Last week, the Occidental case finally reached the Court of Appeal. The oral argument, however, revealed few clues about a potential outcome. Doe’s lawyer, Mark Hathaway, effectively illustrated the absurdity of a scheme of absolute deference to the substance of decisions by a private institution—especially, as in a case like this, by a single person (the external adjudicator) hired by a private institution.

The three judges on the panel asked Hathaway only one, non-substantive question.

Two of the three judges had questions for Occidental’s lawyer, but they raised somewhat extraneous issues.

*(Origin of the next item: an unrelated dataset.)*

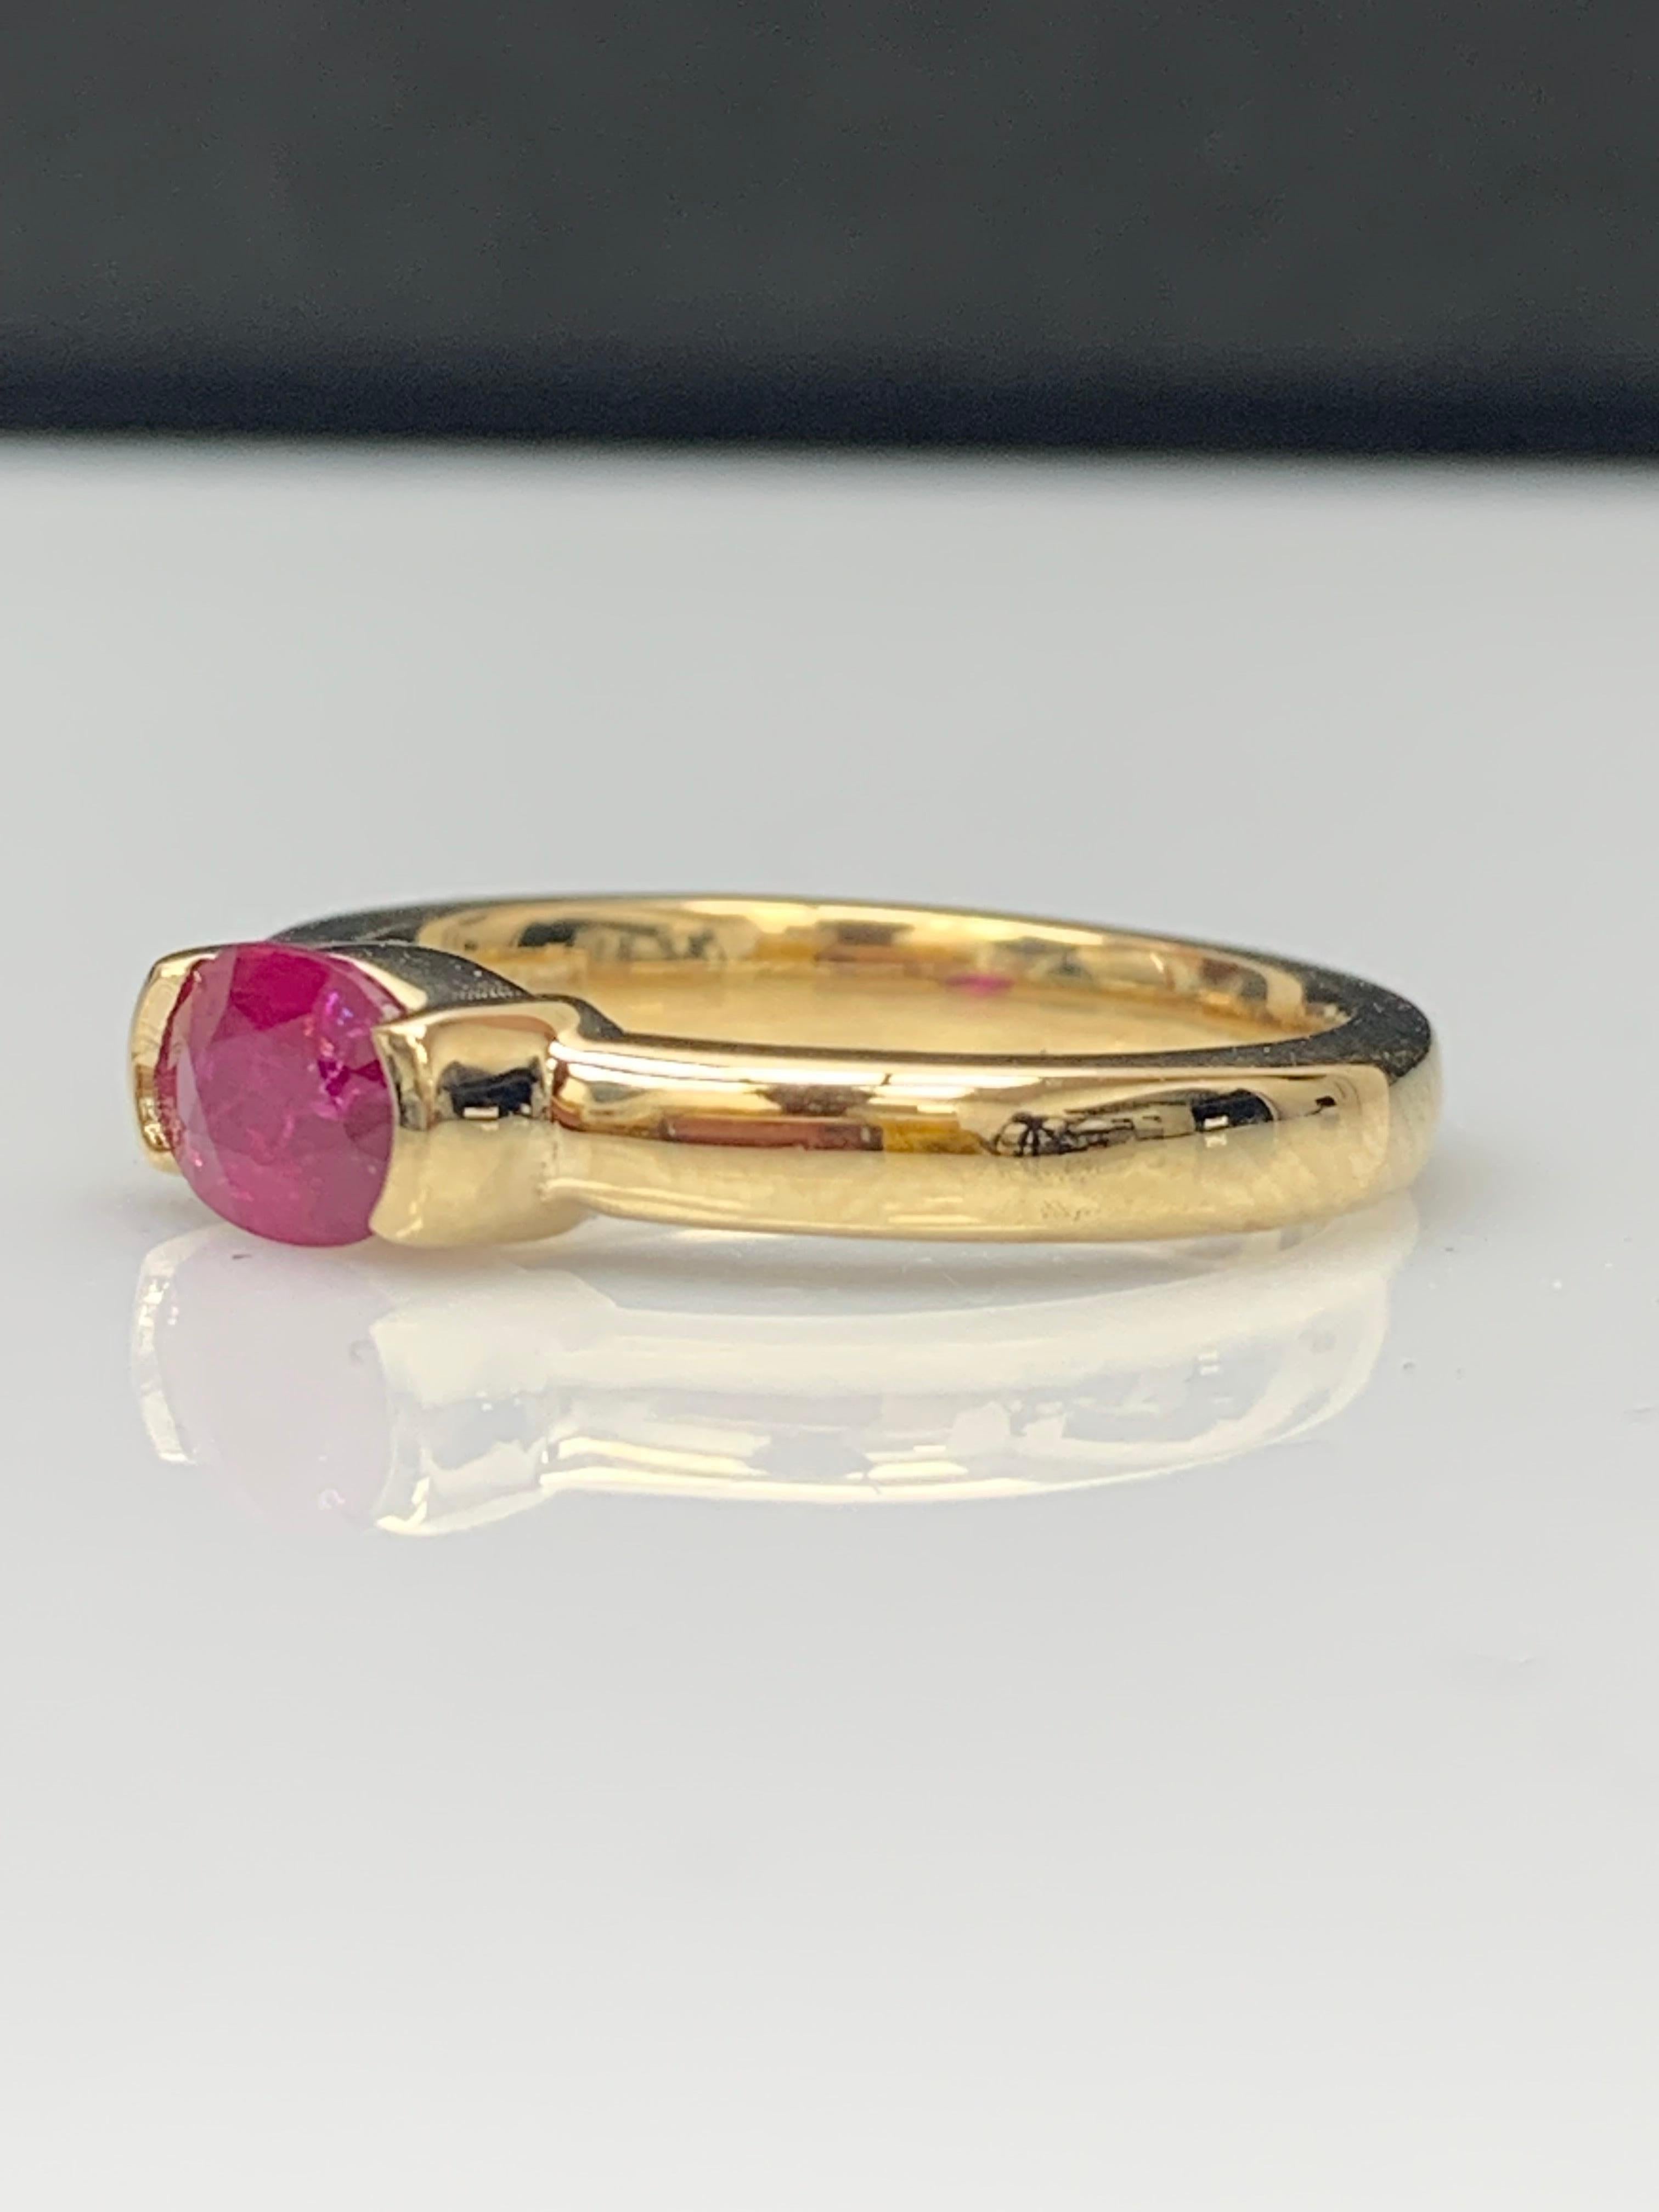 0.78 Carat Oval Cut Ruby Band Ring in 14K Yellow Gold For Sale 6

First, Justice John Segal explored the disparate (and, presumably, gender-biased) manner through which Occidental handled the case. Two heavily intoxicated students had sex. But only one—the male—was punished. Either both should have been, or neither.

Occidental’s lawyer attempted to parry by blaming Doe for not filing a complaint himself, but Segal seemed unpersuaded.

Then, at the tail end of the oral argument, Justice Dennis Perluss raised an intriguing question about Occidental’s odd definition of sexual assault, which, as written, prohibited both sexual contact without “effective consent,” but also while incapacitated. Perluss seemed puzzled by the superfluous language.

Either of these questions, in theory, could form the basis for a win for Doe. Justice Segal’s questions pointed to the gender-biased assumptions behind Occidental’s adjudication of the case. Justice Perluss’ question opened up the possibility that the Court could consider the fairness of Occidental’s illogical definition—which, in this case, provided an opening for the school to say that someone who had consented nonetheless was a victim of sexual assault.

The resulting decision will be of unusual importance. Of the more than 500 lawsuits since the Dear Colleague letter, only the Amherst accused student had clearer evidence that the accuser had actually consented. If the Court says that Occidental had “substantial evidence” for its finding in this case, the standard would basically translate into a rubber stamp.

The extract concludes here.